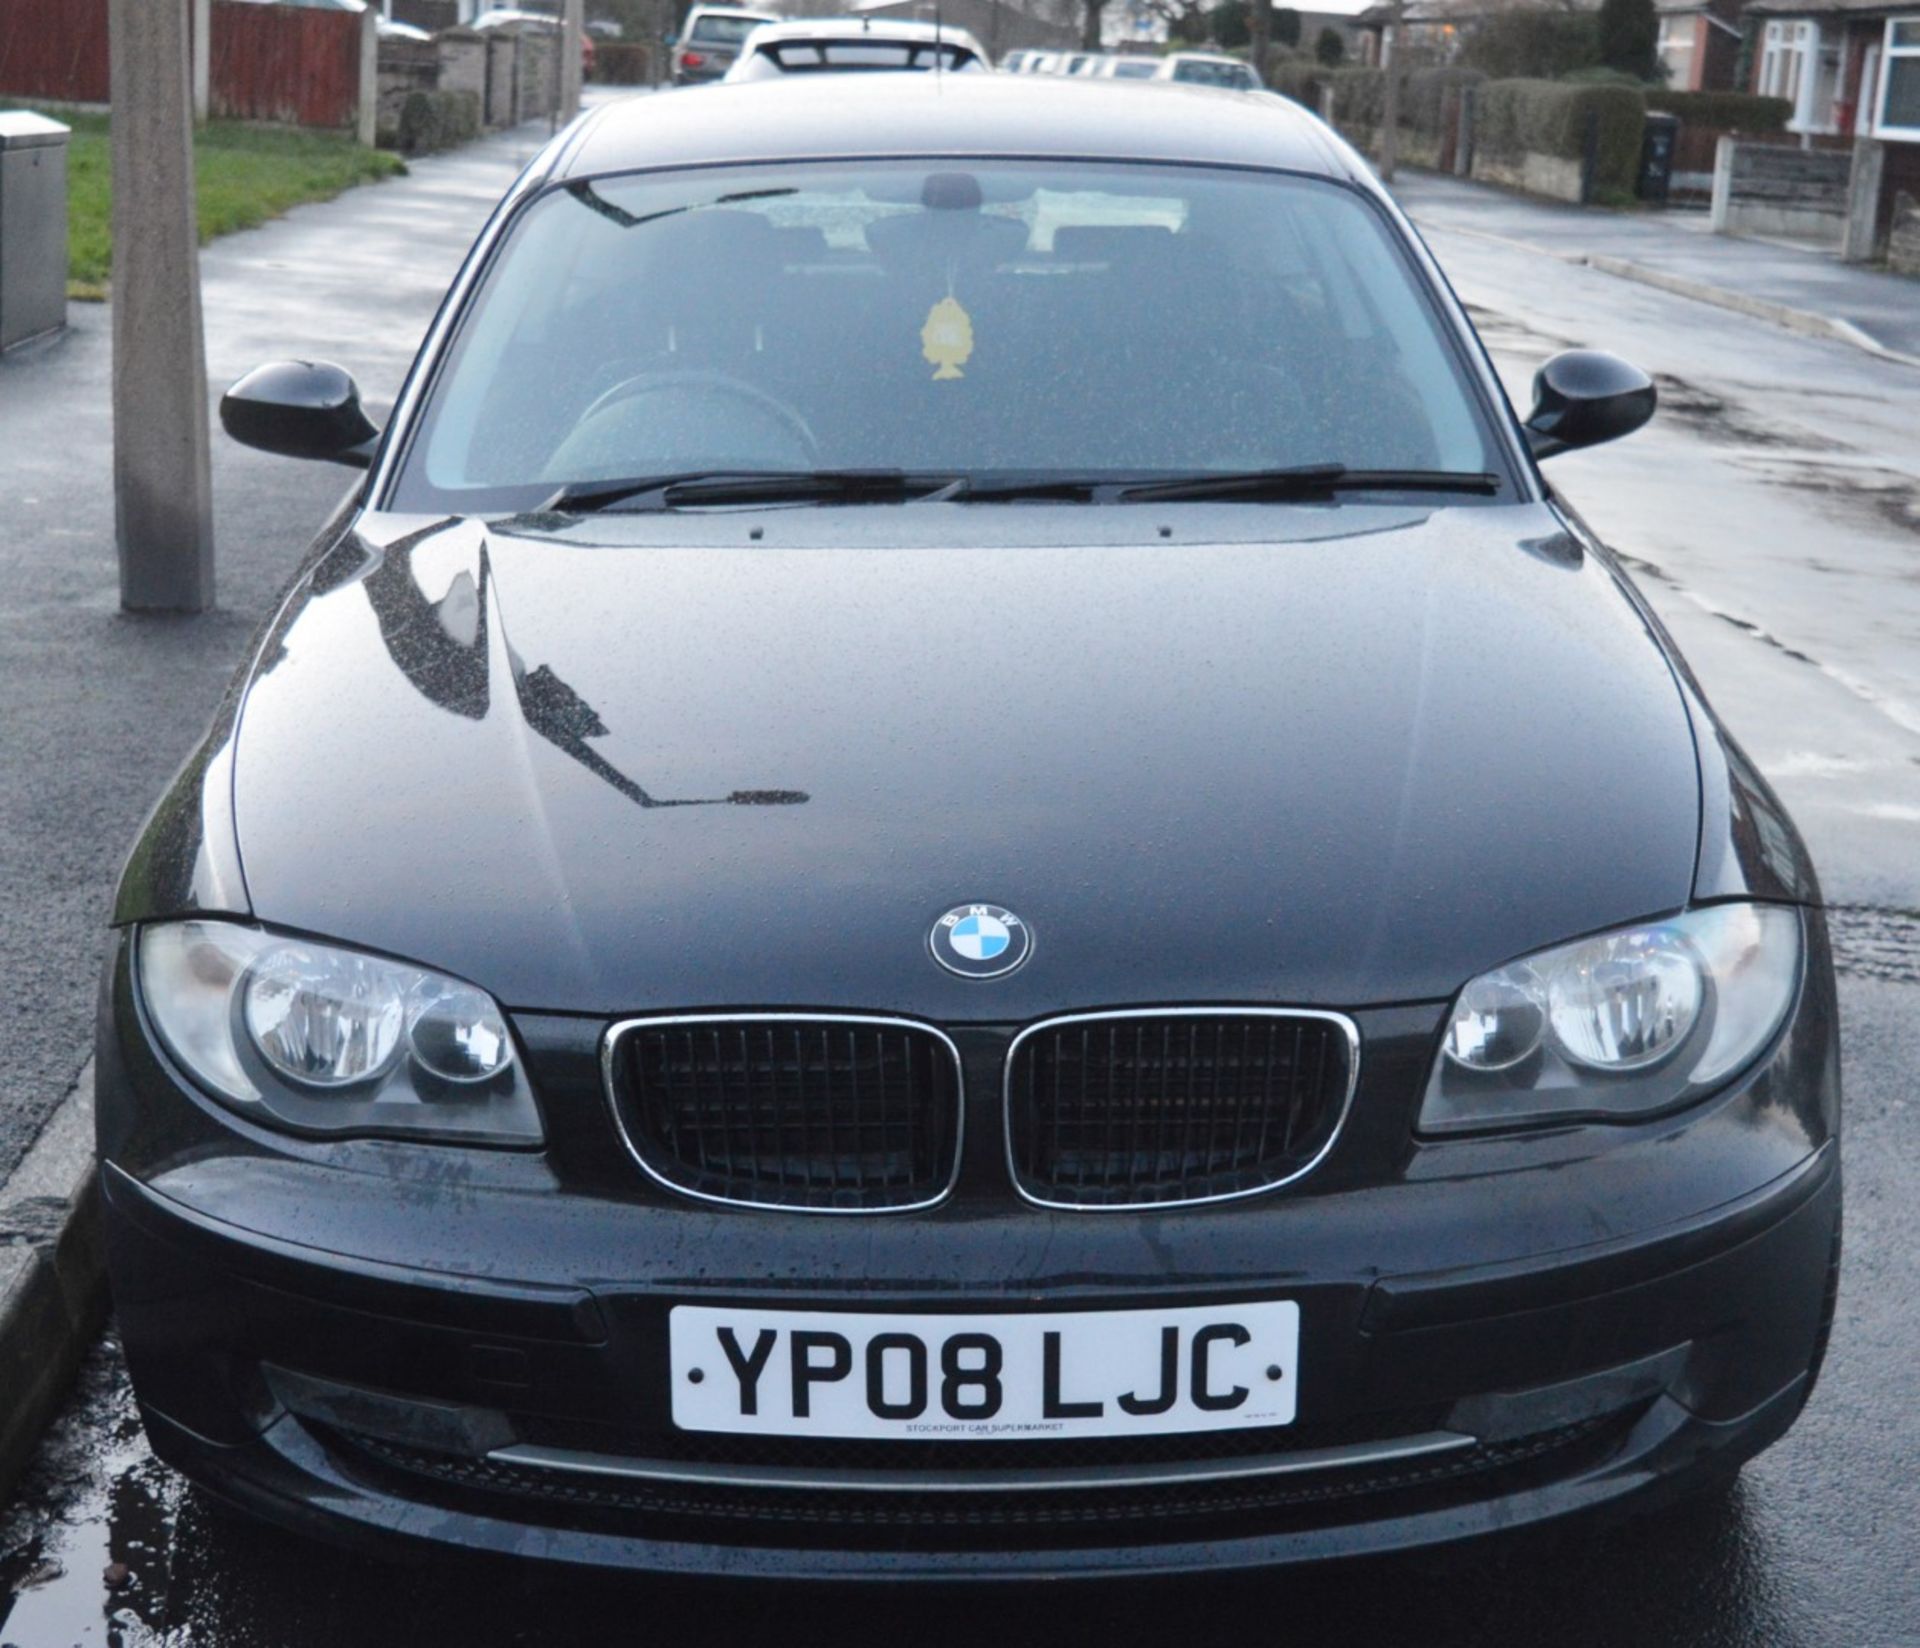 1 x 2008 BMW 1 Series 118d 3 Door Black 2l - £30 Per Year Road Tax - MOT Until January 2020 - - Image 16 of 31
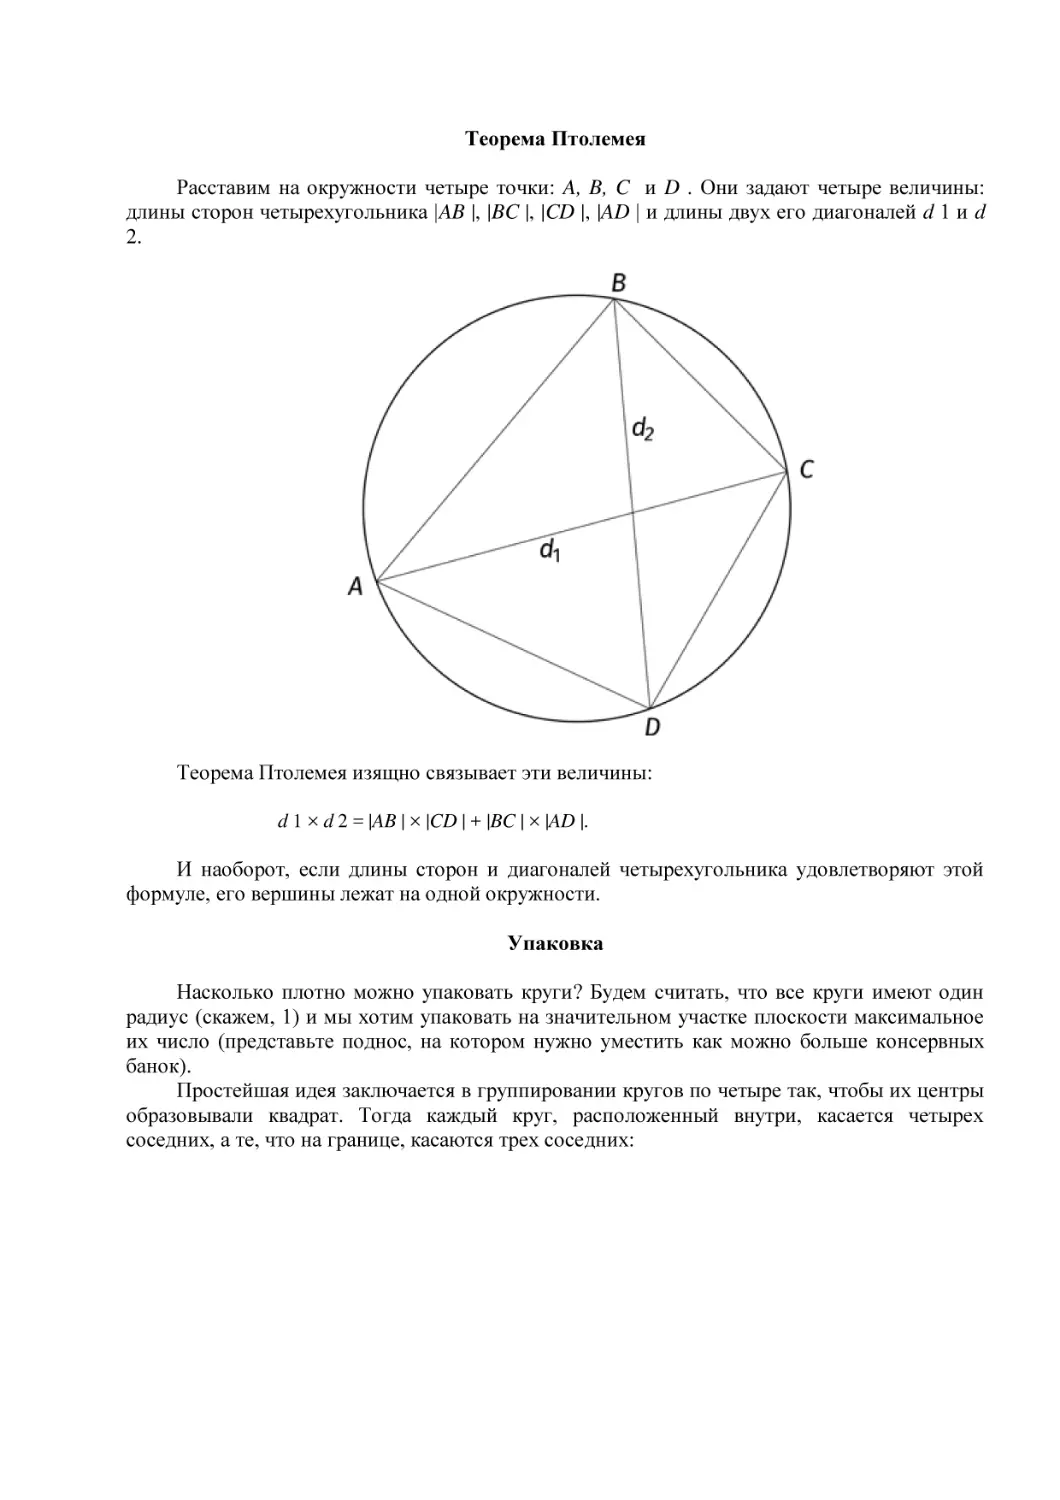 Теорема Птолемея
Упаковка
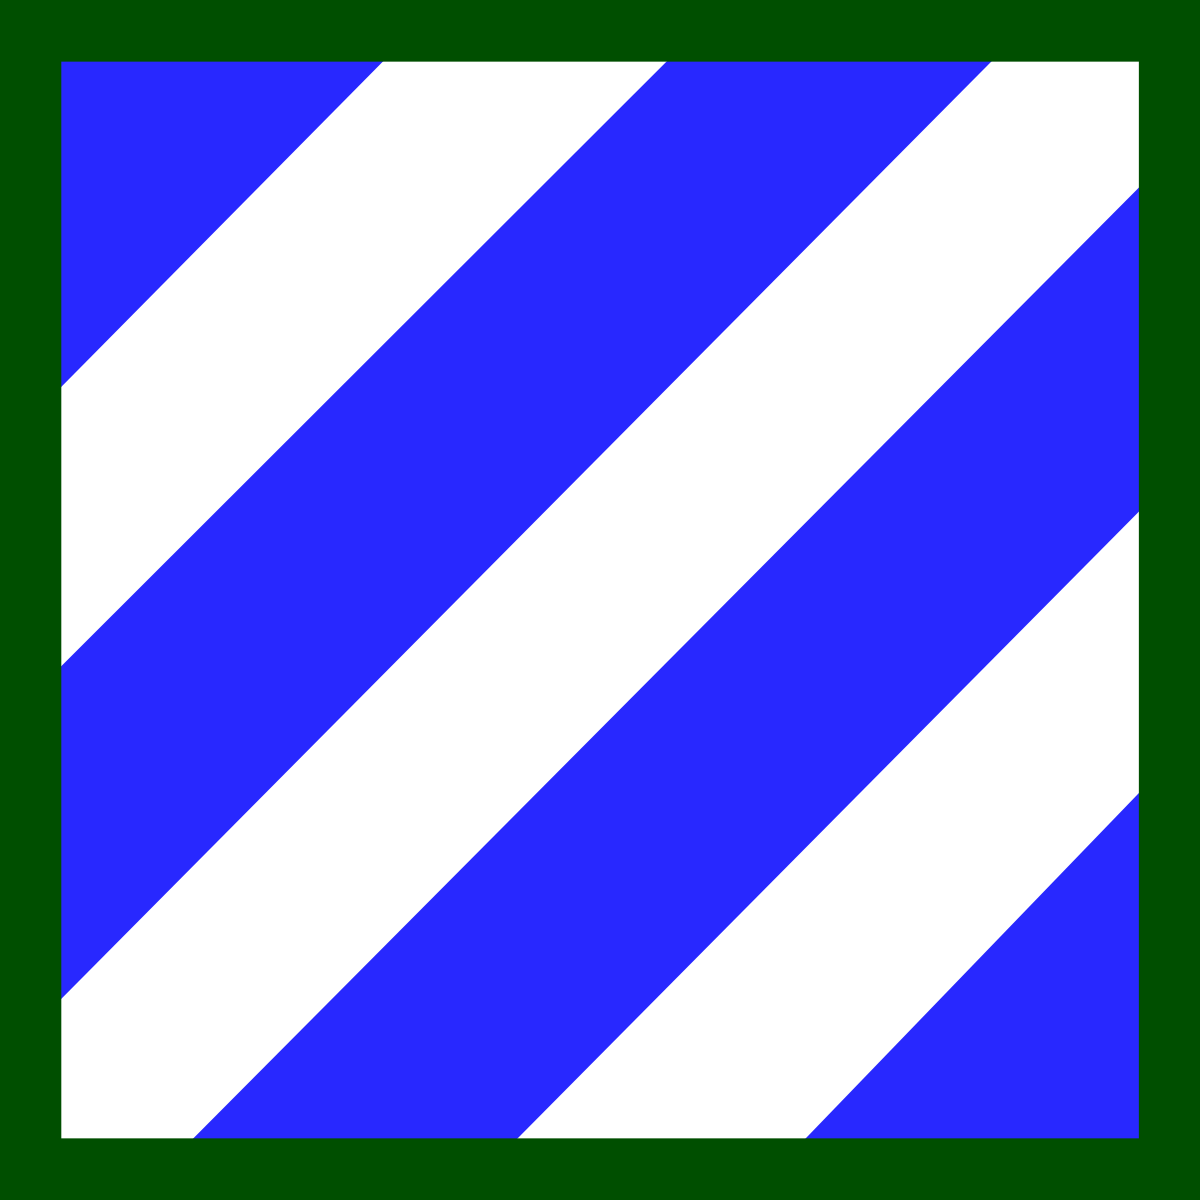 3id Army - Army Military

* **Work instruction**:
Could you write out the whole listing exactly, dropping the pictures?

* **Your solution**:
 1 x 2008 BMW 1 Series 118d 3 Door Black 2l - £30 Per Year Road Tax - MOT Until January 2020 - - Image 16 of 31
 Теорема Птолемея
Упаковка
 3id Army - Army Military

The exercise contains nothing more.